Forty-eight patients were enrolled and divided into continuous ciprofloxacin treatment group (n = 22) and discontinuous ciprofloxacin treatment group (n = 26). During ERCP, stones were found in 22 patients, malignant diseases in 24 patients and other pathologic lesions in 5 patients. One (4.5%) of the 22 patients who received ciprofloxacin and 2 (6.3%) of the 26 patients who discontinued ciprofloxacin after ERCP developed cholangitis (relative risk = 0.71; 95% CI = 0.14-3.65; P = 0.88). Bacterobilia was found in 27 (56.3%) out of 48 patients. E. coli and Streptococcus viridans were the most common organisms.

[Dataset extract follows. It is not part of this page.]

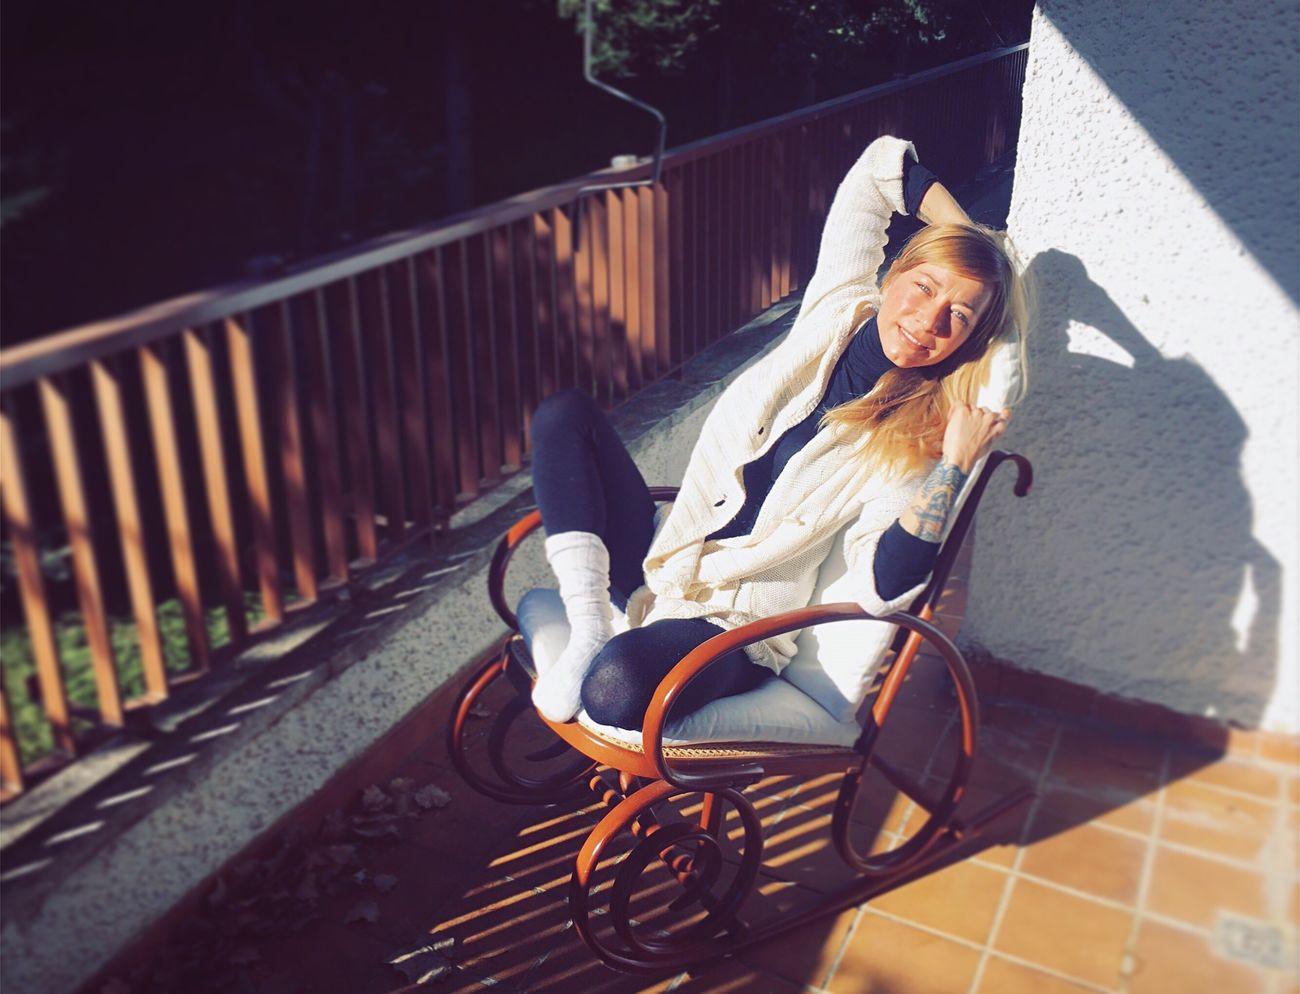 https://m.youtube.com/watch?v=1in5wAVOyIk Wine Moments Having Fun Good Morning Travel Relaxing EyeEmNewHere Landscape Light Portrait Of A Woman Women Of EyeEm Tattoo Happy Bestoftheday Chair Hammock Saturday SPAIN JustMe Smile

Continual use of ciprofloxacin in patients with cholestasis after adequate biliary drainage procedures plays no role in reducing cholangitis.
确定环丙沙星在降低经内镜逆行胰胆管造影术(ERCP)后胆汁引流充分的胆汁淤积患者胆管炎发生率方面的作用。
在拉贾维提医院(ERCP三级转诊中心,每年600例病例)对48例胆汁淤积患者进行了一项随机对照试验。所有48例患者在开始任何操作前30分钟接受200毫克环丙沙星静脉注射,然后随机分为两组。研究组的22例患者在ERCP后持续接受环丙沙星治疗直至48小时。记录胆道梗阻的原因、胆汁和血液(胆管炎患者)的细菌学情况以及临床胆管炎情况。
48例患者入组并分为环丙沙星持续治疗组(n = 22)和环丙沙星间断治疗组(n = 26)。在ERCP期间,22例患者发现结石,24例患者发现恶性疾病,5例患者发现其他病理病变。在ERCP后接受环丙沙星治疗的22例患者中有1例(4.5%)发生胆管炎,在ERCP后停用环丙沙星的26例患者中有2例(6.3%)发生胆管炎(相对危险度 = 0.71;95%可信区间 = 0.14 - 3.65;P = 0.88)。48例患者中有27例(56.3%)发现胆汁中有细菌。大肠杆菌和草绿色链球菌是最常见的菌种。
在胆汁引流充分的胆汁淤积患者中持续使用环丙沙星对降低胆管炎发生率无作用。